Vladimir Putin has ridiculed the offering of turnips to the British public during food shortages, while claiming that Russia’s economy is resilient despite Western sanctions over the war in Ukraine.
Speaking to business leaders, Mr Putin said Western analysts had predicted that Russia’s store shelves would empty and services would collapse as a result of the sanctions.
“Life had other ideas,” he said. “Western countries themselves encountered the same problems. It has gotten to the point where their leaders are proposing that citizens switch to beets instead of lettuce or tomatoes.”
The Russian president appeared to be referring to comments from Agriculture Minister Therese Coffey, who said last month that Britons who are struggling to get imported tomatoes, peppers and cucumbers in supermarkets might consider more seasonal, local turnips – a vegetable that Has suffered from image problems in recent decades due to its association with less prosperous times.
Consumers in most other parts of Western Europe did not suffer the same shortages caused by unusually cold weather that disrupted harvests in Southern Europe and North Africa.
While Russia’s 2 percent economic contraction last year belied most early forecasts, analysts say it will take years to regain its 2021 size and longer to return to its previous growth trajectory.
The International Monetary Fund forecasts growth of 0.3 percent for the Russian economy this year; well below the 3.75 percent forecast for 2022 before the invasion.
(PA)
While praising Russia’s resilience, Putin also acknowledged risks to the economy and urged business leaders to put patriotism before profit.
A key reason for Russia’s resilience: A record $325bn (£270bn) in fossil fuel revenues last year as prices soared. The rising costs stemmed from fears that the war would mean a severe energy drain for the world’s third-largest oil producer.
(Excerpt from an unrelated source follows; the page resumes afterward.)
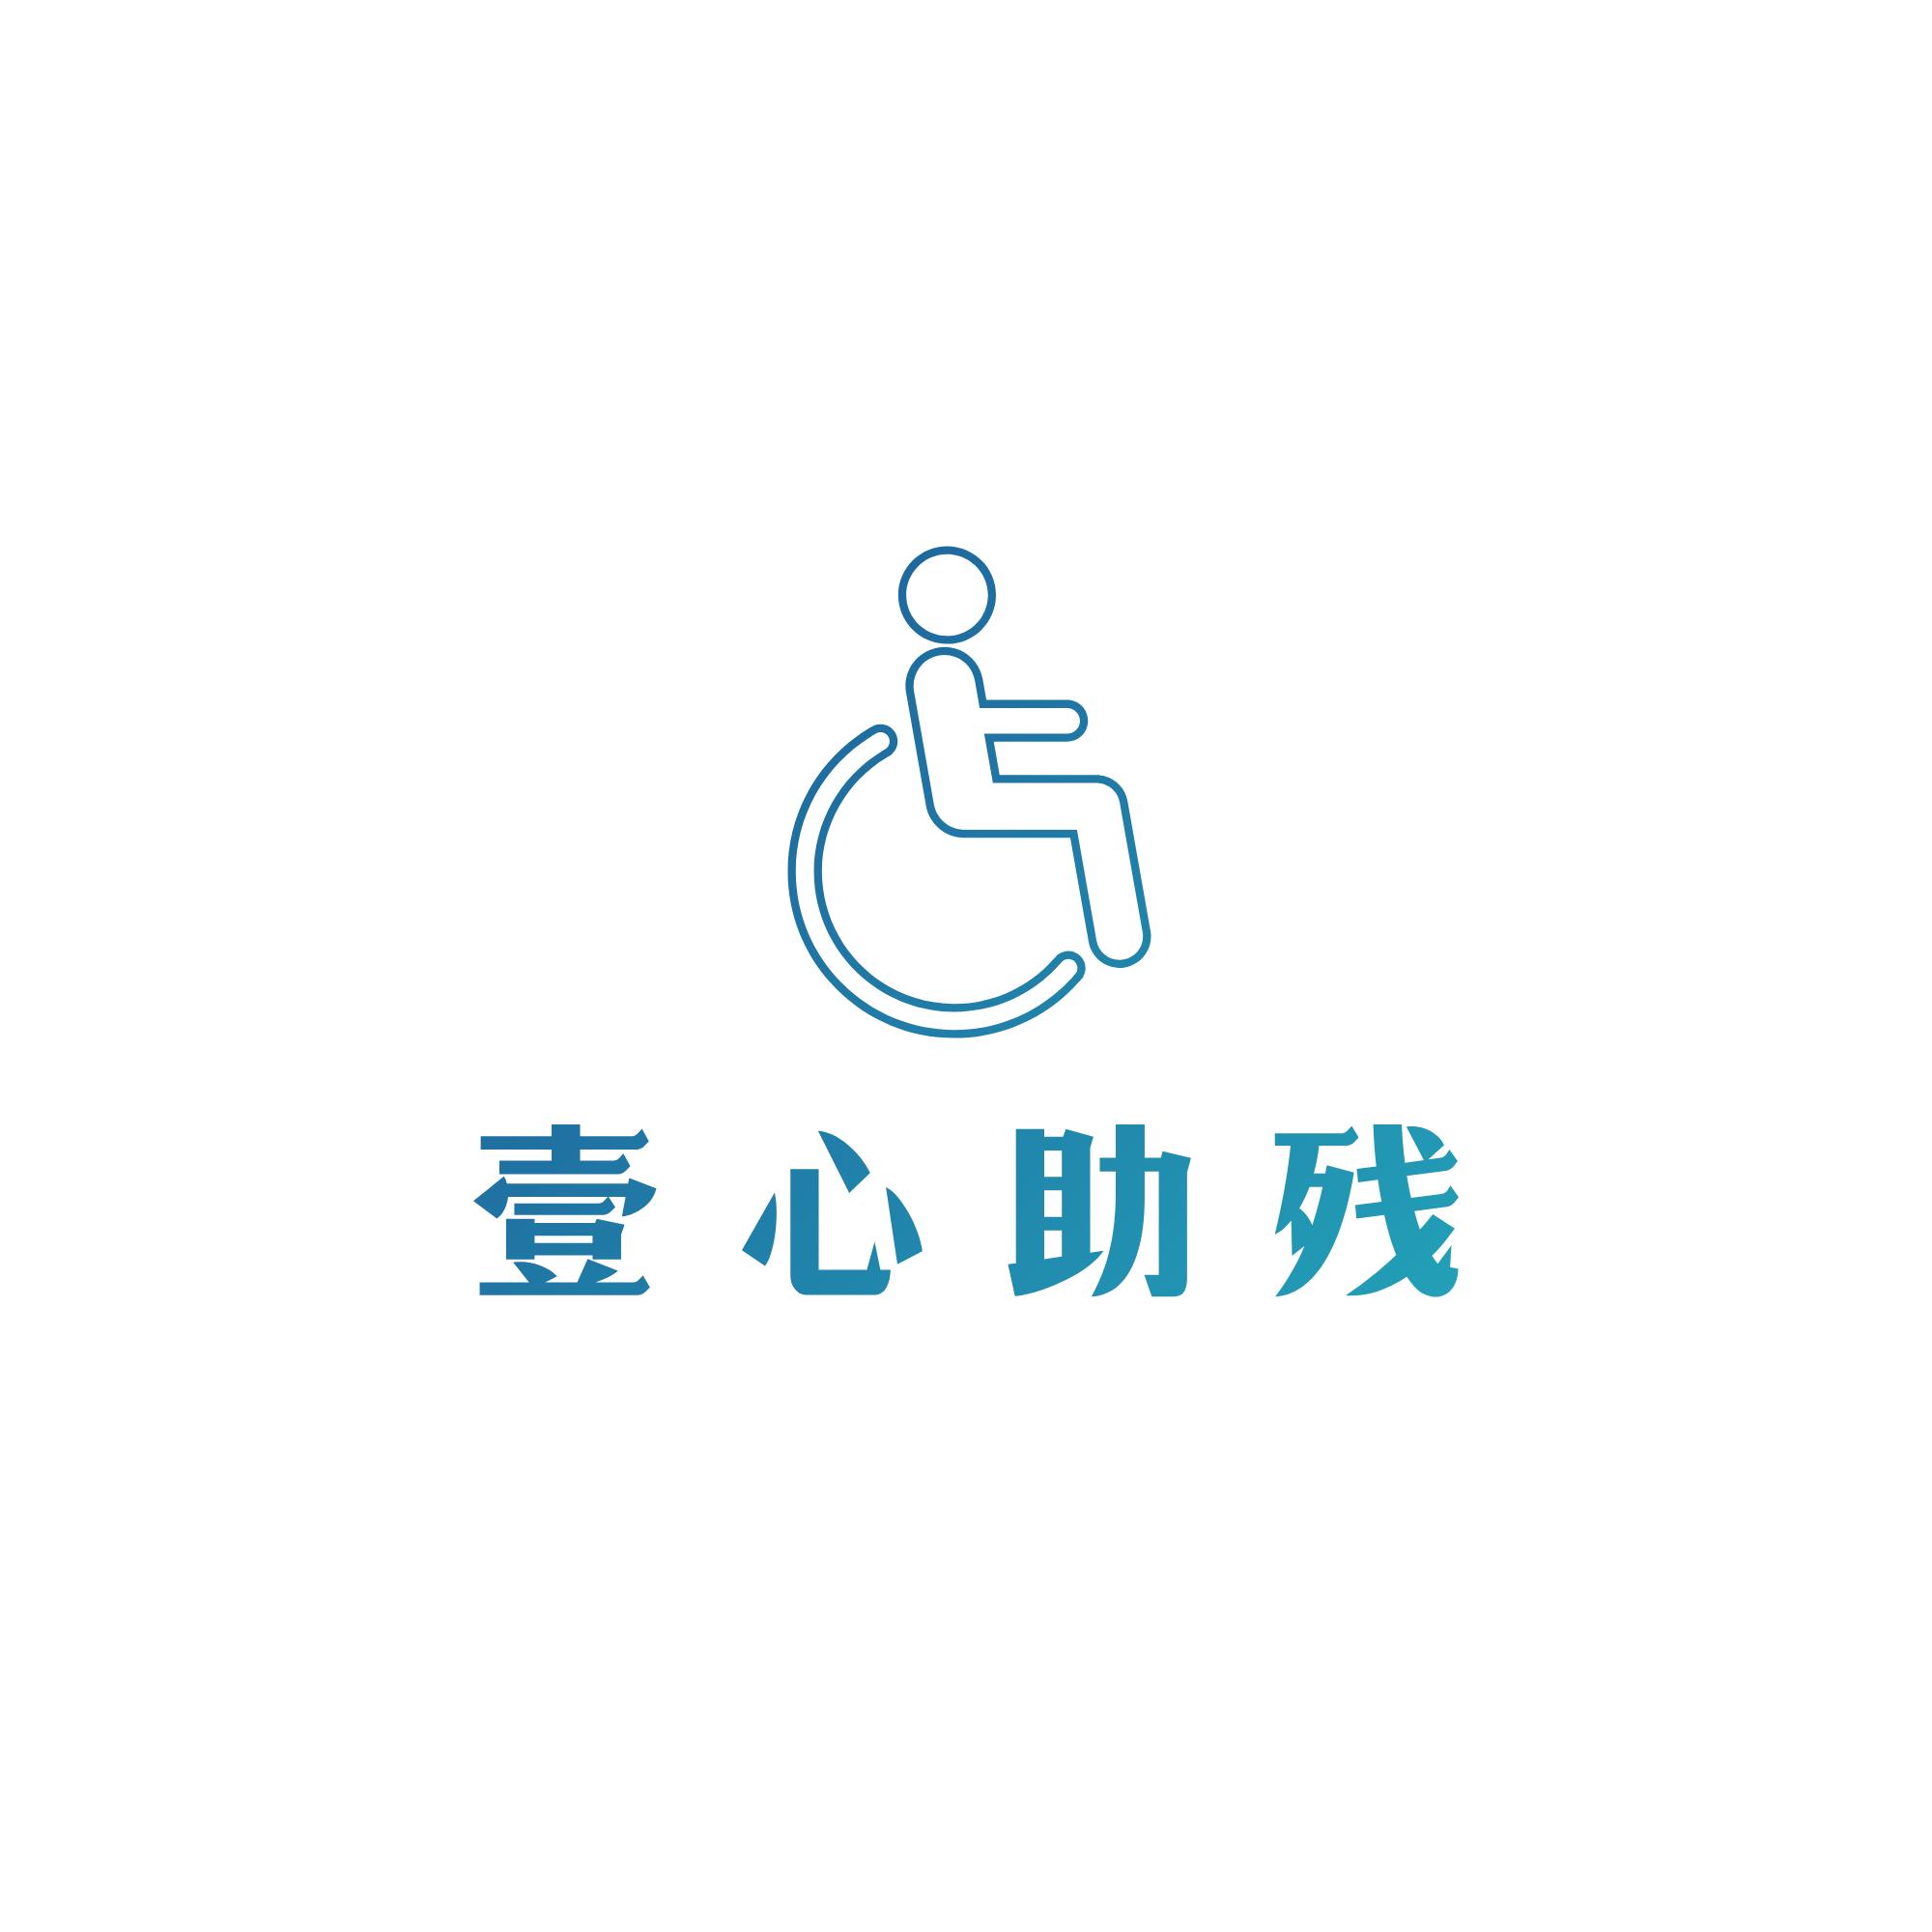 广州壹心助残科技服务有限公司

Those earnings, combined with a slump in what Russia could import due to sanctions, pushed the country into a record trade surplus – meaning Russia’s earnings from sales to other countries far outweighed its purchases abroad.
Russian President Vladimir Putin delivers his speech during the 17th Congress of the Russian Union of Industrialists and Entrepreneurs (RSPP) at the Moscow International House of Music in Moscow
(AP)
Mr Putin spoke as another damning indictment of his forces’ behavior during the year-long war came to light when the UN-commissioned investigative body said Russia had committed wide-ranging war crimes in Ukraine, including premeditated killings and torture.
The alleged crimes, including the deportation of children, were detailed in a report by the Independent International Commission of Inquiry into Ukraine, which said some acts could amount to crimes against humanity.
Elsewhere, at least one person was killed and two injured in an explosion and fire at a building owned by the Russian security service FSB in the southern city of Rostov-on-Don, according to officials quoted by Russian news outlets.